-- Data below follows --

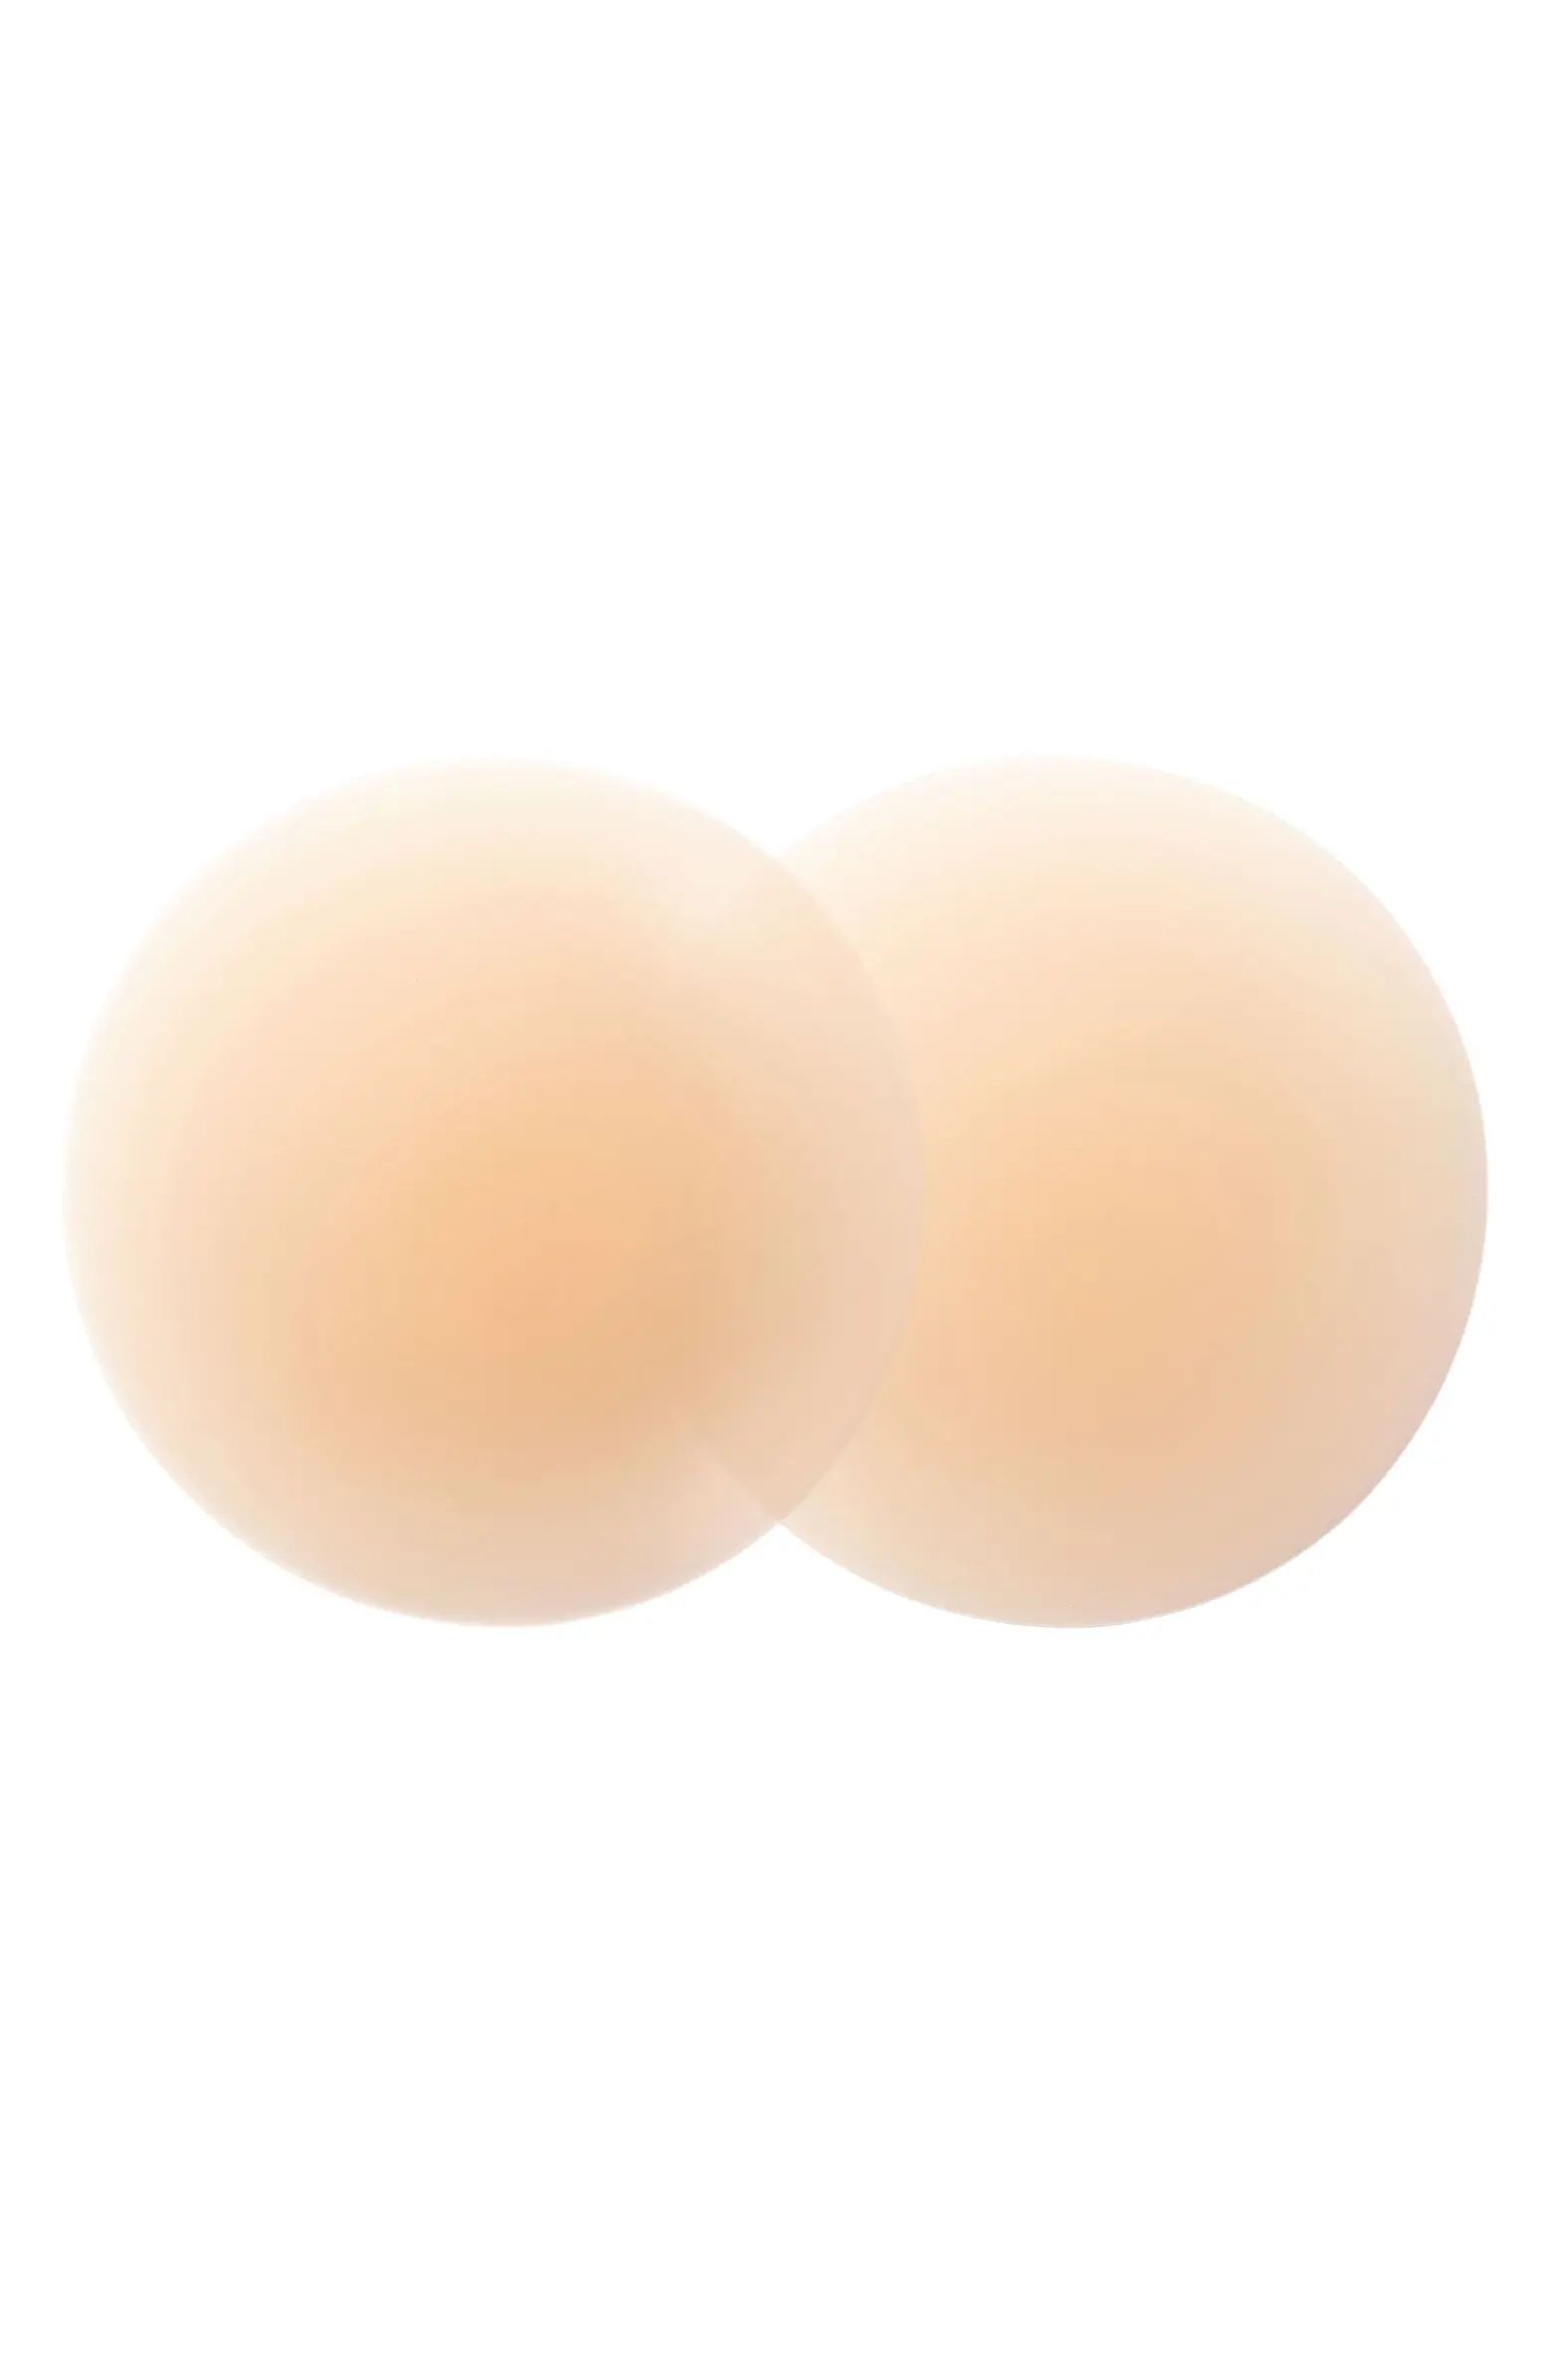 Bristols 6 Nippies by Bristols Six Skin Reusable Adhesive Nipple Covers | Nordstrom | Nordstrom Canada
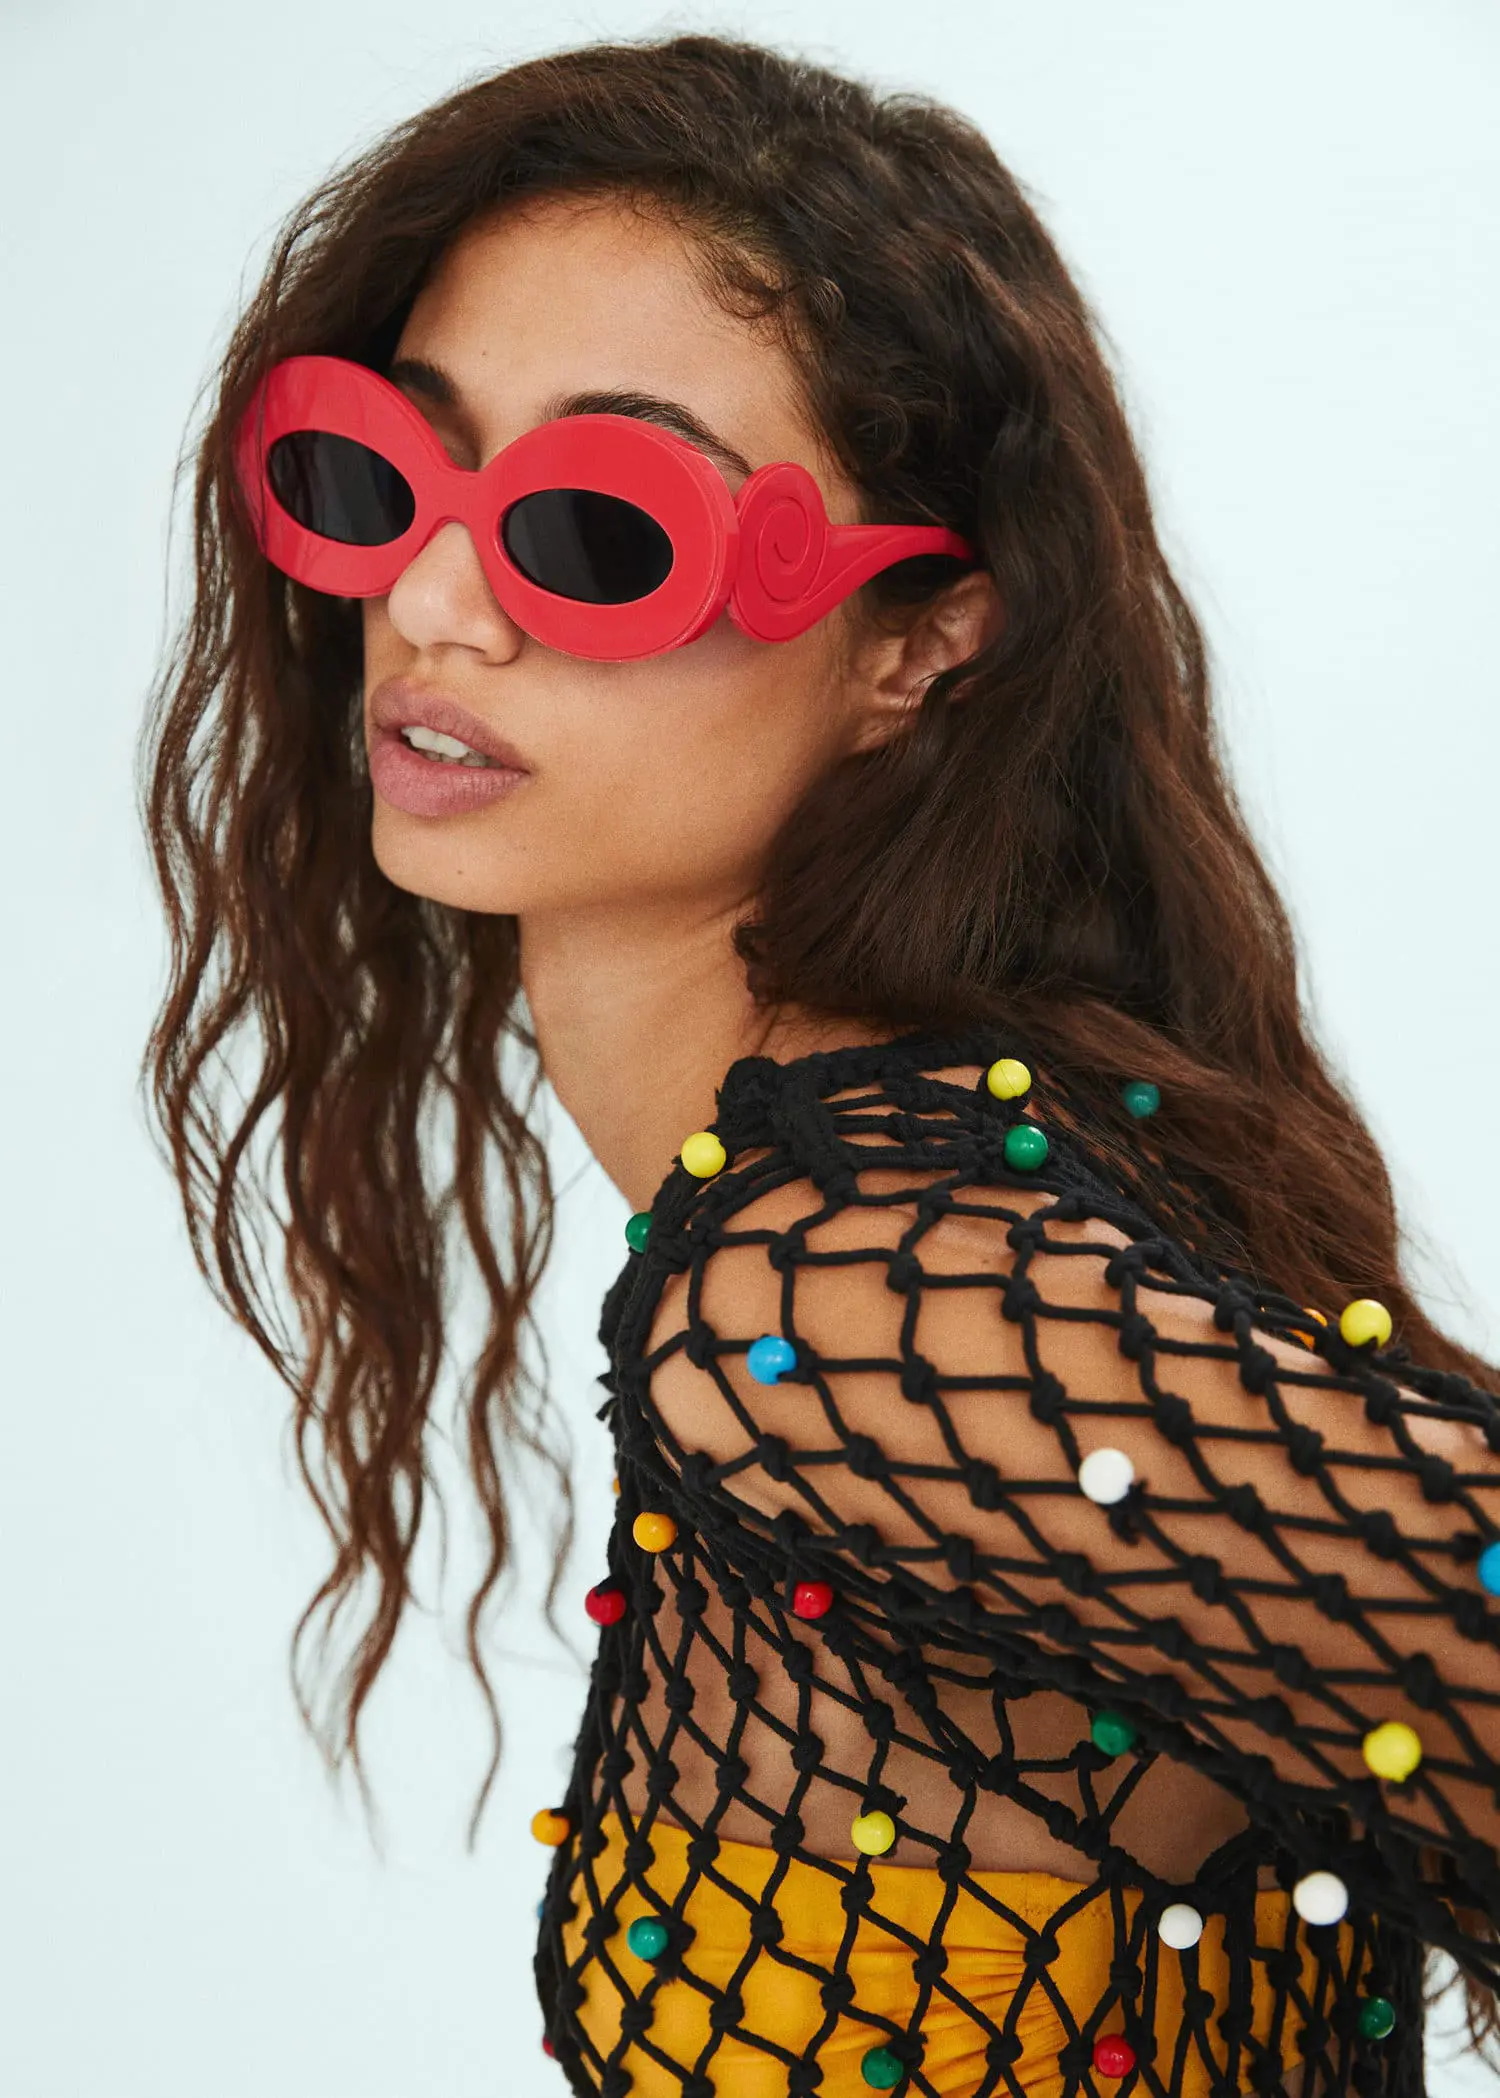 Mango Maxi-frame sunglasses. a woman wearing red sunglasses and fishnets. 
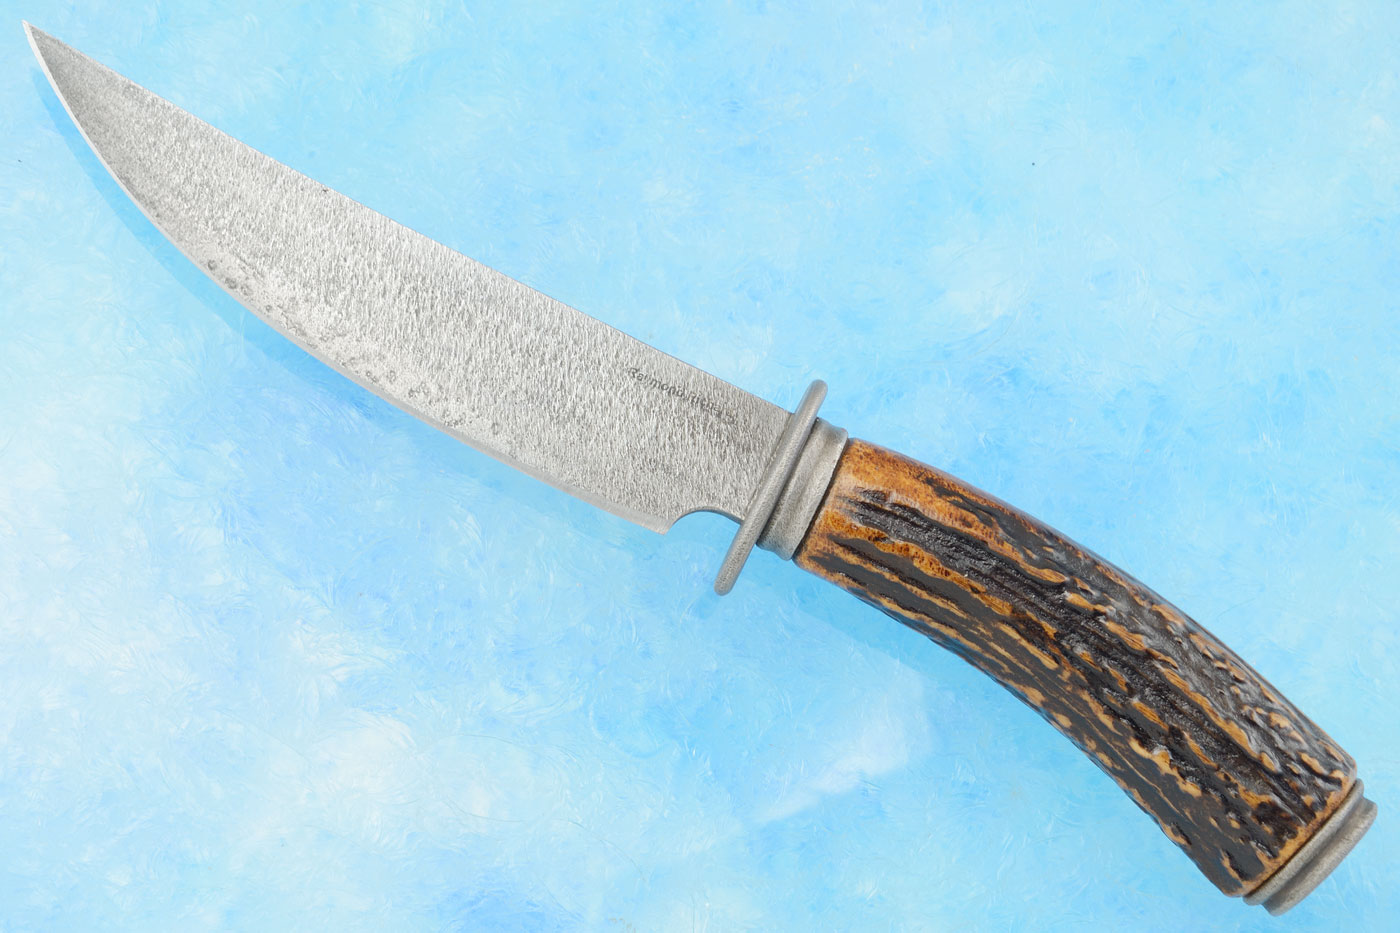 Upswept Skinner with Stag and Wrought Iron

-- Data below concluded --

Your answer must be an exact copy of the lines from the one with "Mango Maxi-frame sunglasses." through the final line of the data, both included, without any pictures.

 Mango Maxi-frame sunglasses. a woman wearing red sunglasses and fishnets. 
 Upswept Skinner with Stag and Wrought Iron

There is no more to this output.